Frankreich:Anwälte schlüpfen aus ihren Roben

Frankreich, Proteste gegen die Rentenreform in Grenoble 7EME JOURNEE CONTRE LA REFORME DES RETRAITES - GRENOBLE The cort

Proteste gegen die Rentenreform in Grenoble.

(Foto: Gregory Berger/imago)

Zwar hat die Regierung ein neues Rentengesetz eingereicht, doch die Proteste gehen weiter. In Paris, Marseille und vielen anderen Zentren.

Von Nadia Pantel, Paris

Seit sieben Wochen protestieren die Franzosen gegen die von der Regierung geplante Rentenreform. Zwar ist die Beteiligung am Streik deutlich zurückgegangen, am Freitag fuhr der Nahverkehr in Paris größtenteils störungsfrei und auch bei den Fernzügen gab es kaum Ausfälle, doch gleichzeitig gingen erneut Zehntausende gegen die Einführung eines neuen Rentensystems auf die Straße: in Paris, Marseille und vielen regionalen Zentren. So legten die Mitglieder der Anwaltskammer von Brive ihre Roben vor das Gericht, um dagegen zu protestieren, dass die Sonderkasse der Anwälte in einer Universalrente aufgeht. In Nancy blieb die Universitätsbibliothek wegen des Streiks der Bibliothekare geschlossen. In Gemeinden am Ärmelkanal riefen Gewerkschaften dazu auf, den Verkehr zu behindern.

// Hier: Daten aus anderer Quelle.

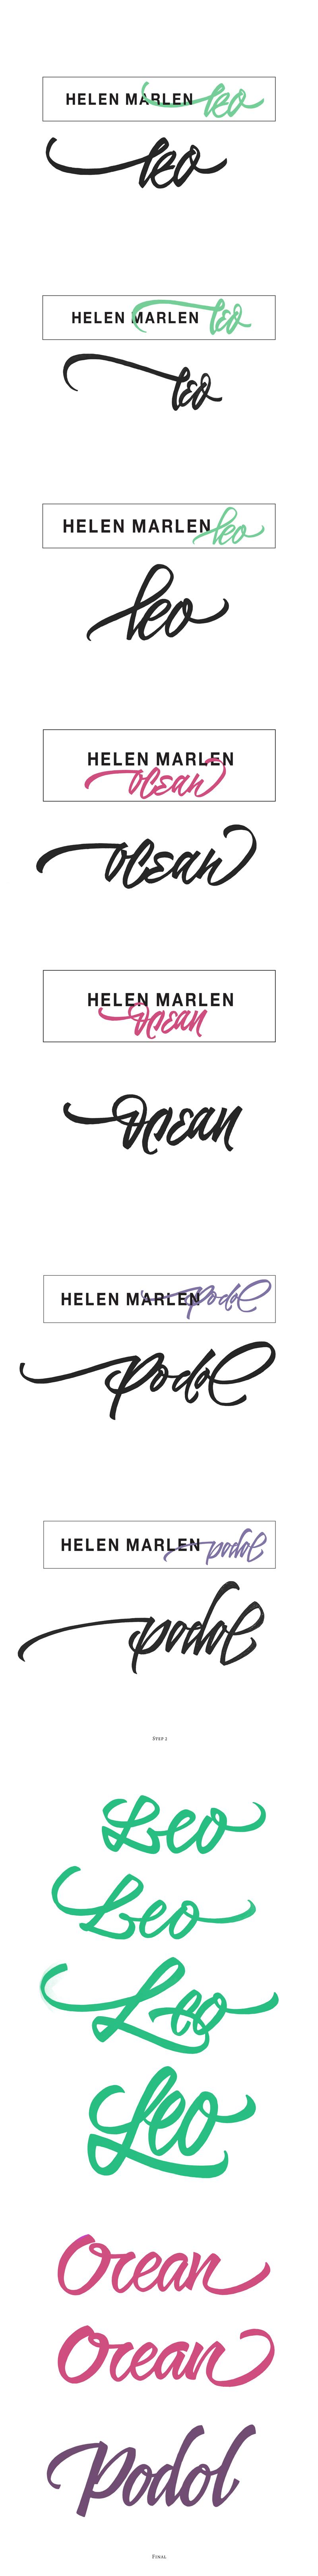 logos_Leo111_2

Die Gewerkschaft CGT kündigte weitere Demonstrationen an. So solle der 29. Januar zu einem Höhepunkt des Protests werden. In der Frage, wie die Gruppe der nicht-streikenden Franzosen die Proteste bewertet, sind sich die Meinungsforschungsinstitute uneinig. Das BVA gibt an, dass 70 Prozent der Befragten es begrüßen, wenn die Streiks und Proteste fortgesetzt werden. Die konservative Zeitung Figaro hingegen veröffentlichte eine Umfrage von Odoxa-Dentsu Consulting, der zufolge 56 Prozent der Befragten wollen, dass der Streik aufhört.

Gleichzeitig mit dem Beginn der Demonstrationen wurde am Freitag das Gesetz zur Rentenreform bei einer Regierungssitzung unter Vorsitz von Präsident Emmanuel Macron auf den Weg gebracht. In einem nächsten Schritt wird das Gesetz der Nationalversammlung vorgelegt.

Die massiven Proteste hatten dazu geführt, dass Premierminister Édouard Philippe eine faktische Anhebung des Renteneintrittsalters von 62 auf 64 Jahre aus dem Gesetzestext streichen ließ. Außerdem wurden bereits zahlreiche Ausnahmen mit diversen Berufsgruppen vereinbart, für die auch mit Beginn der Universalrente andere Regeln als für die Mehrheit gelten werden.

Premier Philippe fordert von den Gewerkschaften Vorschläge zur Finanzierung des Rentensystems. Die Anhebung des Rentenalters auf 64 hatte Präsident Macron im Wahlkampf noch ausgeschlossen, Philippe sagte im Dezember jedoch, es sei zum Ausgleich des Systems nötig, dass die Franzosen länger arbeiten. Die Anhebung des Renteneintrittsalters hatte dazu geführt, dass die reformbereite Gewerkschaft CFDT sich an den Protesten beteiligte. Die CFDT unterstützt die Einführung einer Universalrente, die deutlich weiter links verwurzelte CGT fordert die Rücknahme der gesamten Reform.